Data excerpts >>
↓↓↓

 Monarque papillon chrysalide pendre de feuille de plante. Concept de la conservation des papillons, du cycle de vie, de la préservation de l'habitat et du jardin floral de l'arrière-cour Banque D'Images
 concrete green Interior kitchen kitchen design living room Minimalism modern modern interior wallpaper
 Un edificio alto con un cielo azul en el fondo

↑↑↑
↓↓↓

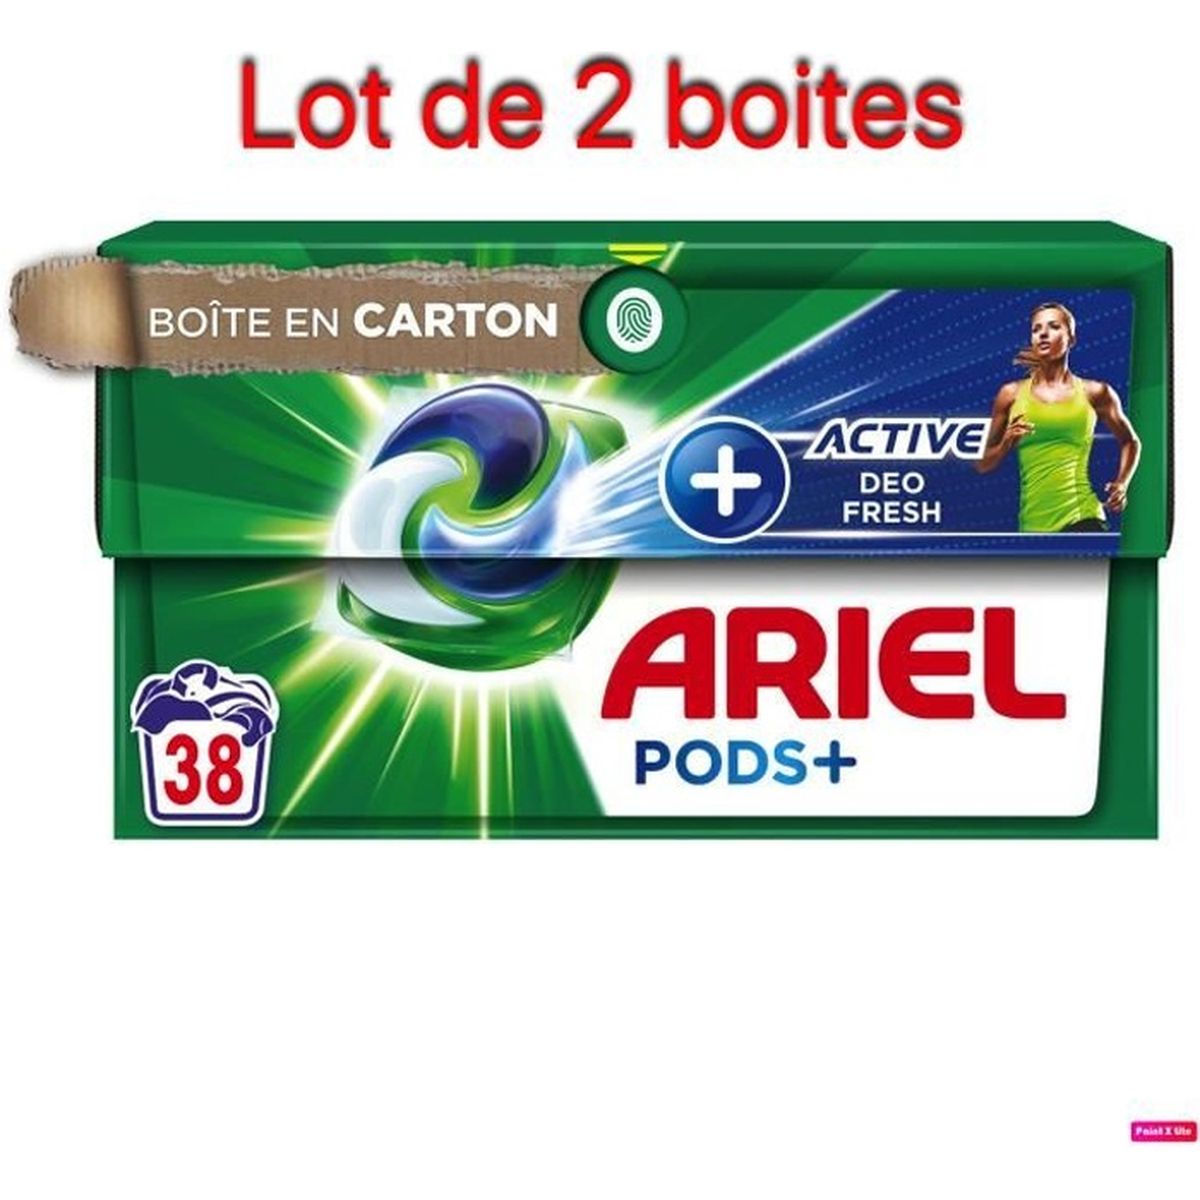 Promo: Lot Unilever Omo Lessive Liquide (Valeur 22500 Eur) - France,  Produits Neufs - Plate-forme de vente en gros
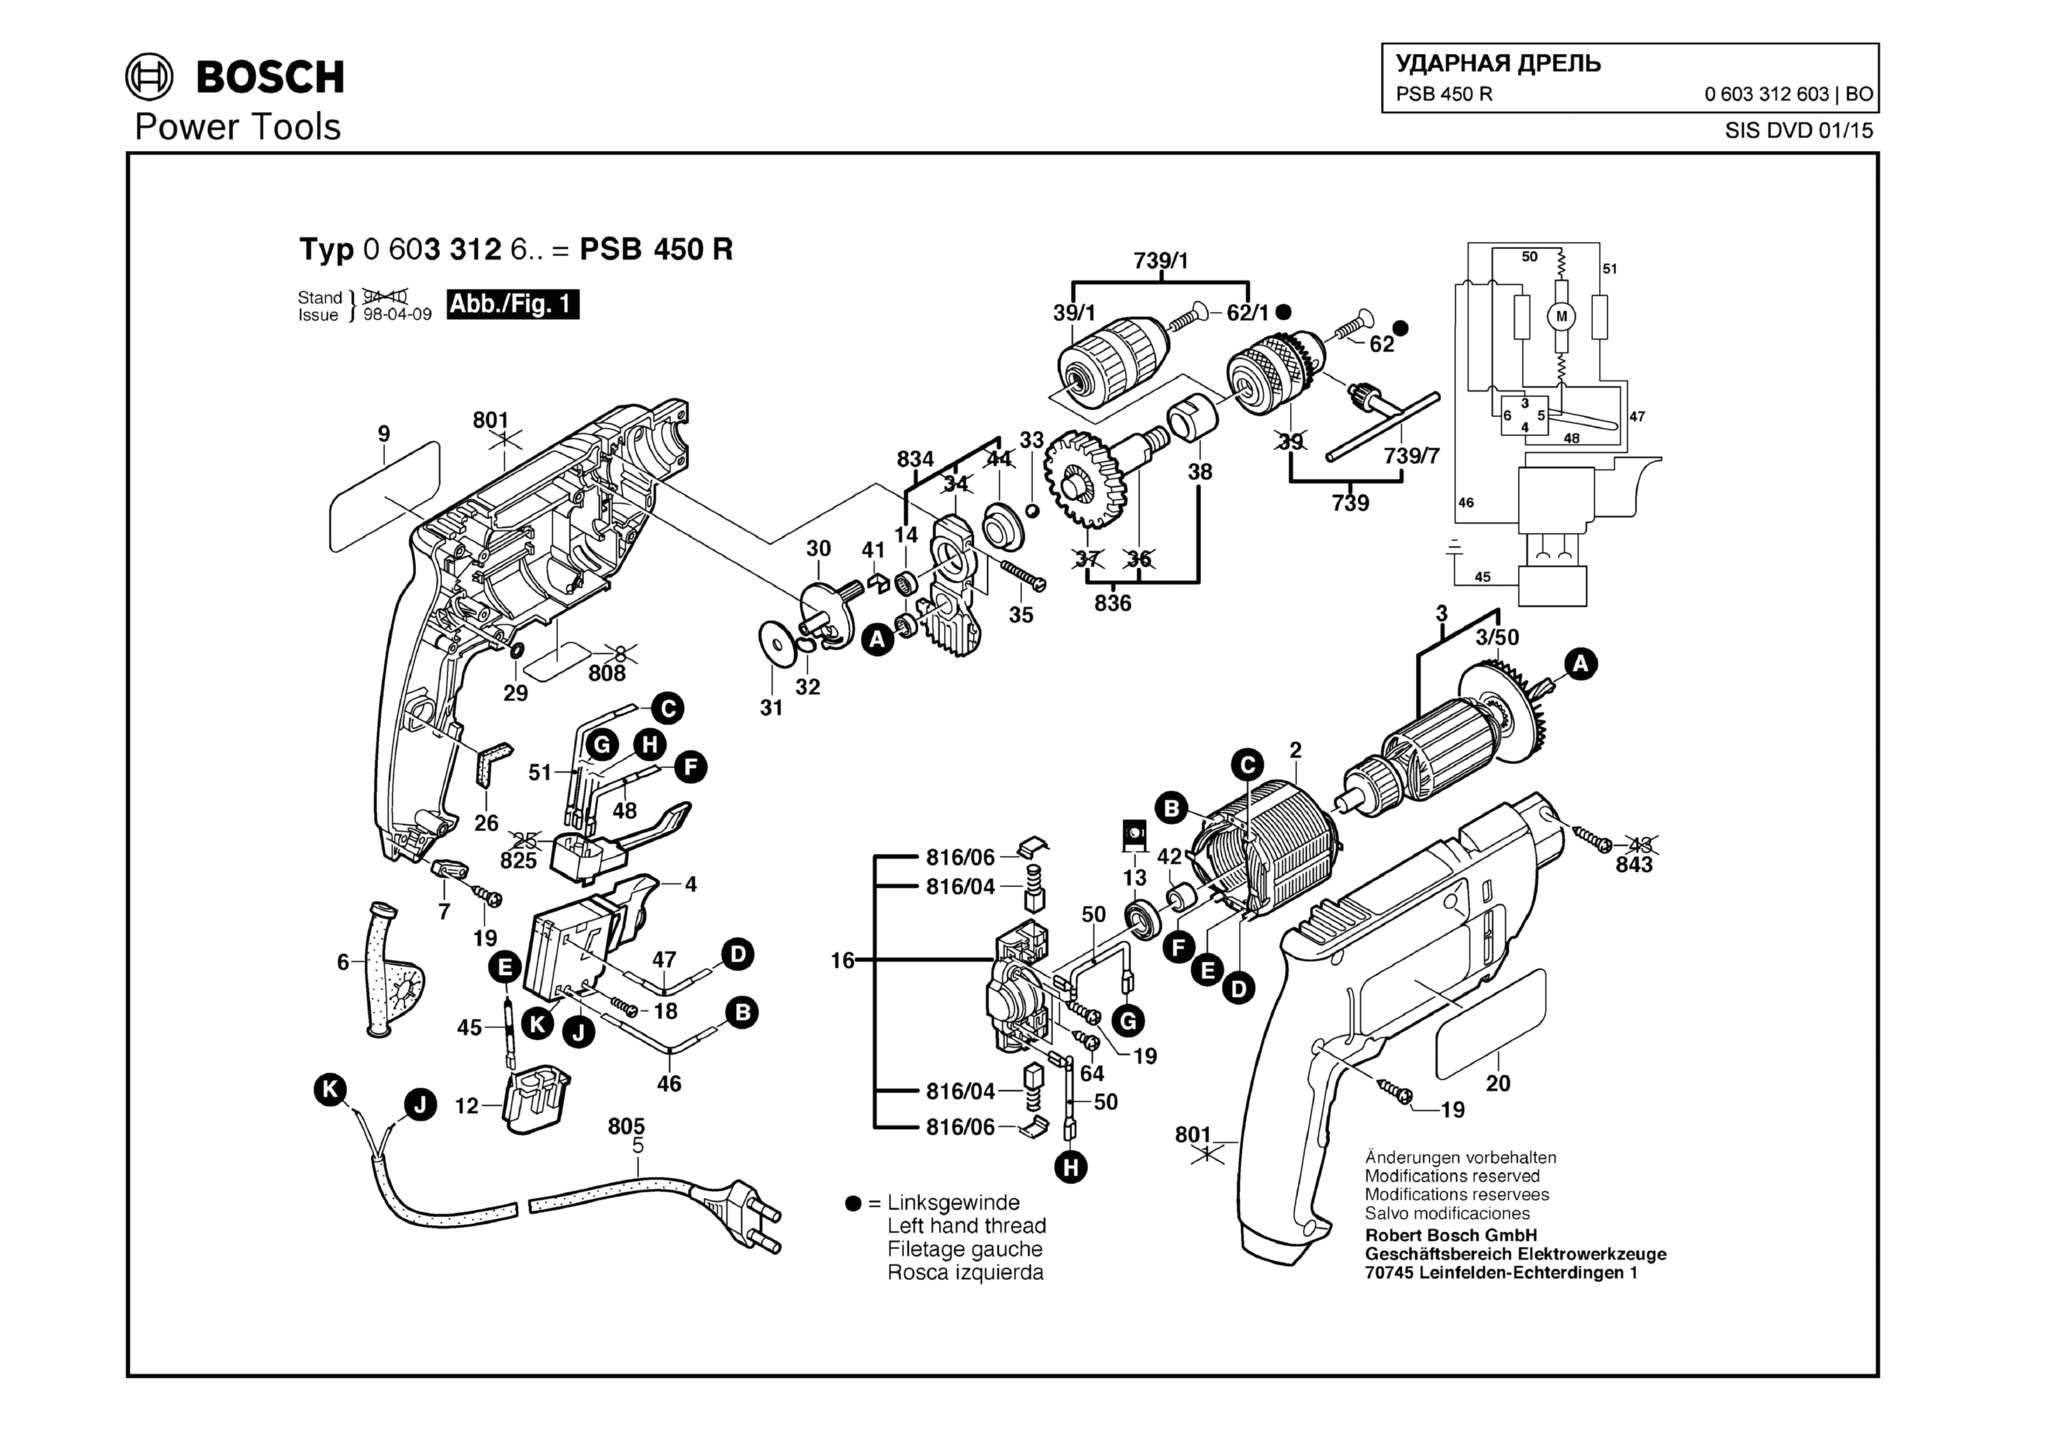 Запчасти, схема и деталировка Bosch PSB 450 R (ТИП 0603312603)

↑↑↑

Exercise >>
In the entries above, find the line holding "Monarque papillon chrysalide" and the line holding "Un edificio alto", then retype exactly those two lines and every line between them, and nothing else.

Expected answer >>
 Monarque papillon chrysalide pendre de feuille de plante. Concept de la conservation des papillons, du cycle de vie, de la préservation de l'habitat et du jardin floral de l'arrière-cour Banque D'Images
 concrete green Interior kitchen kitchen design living room Minimalism modern modern interior wallpaper
 Un edificio alto con un cielo azul en el fondo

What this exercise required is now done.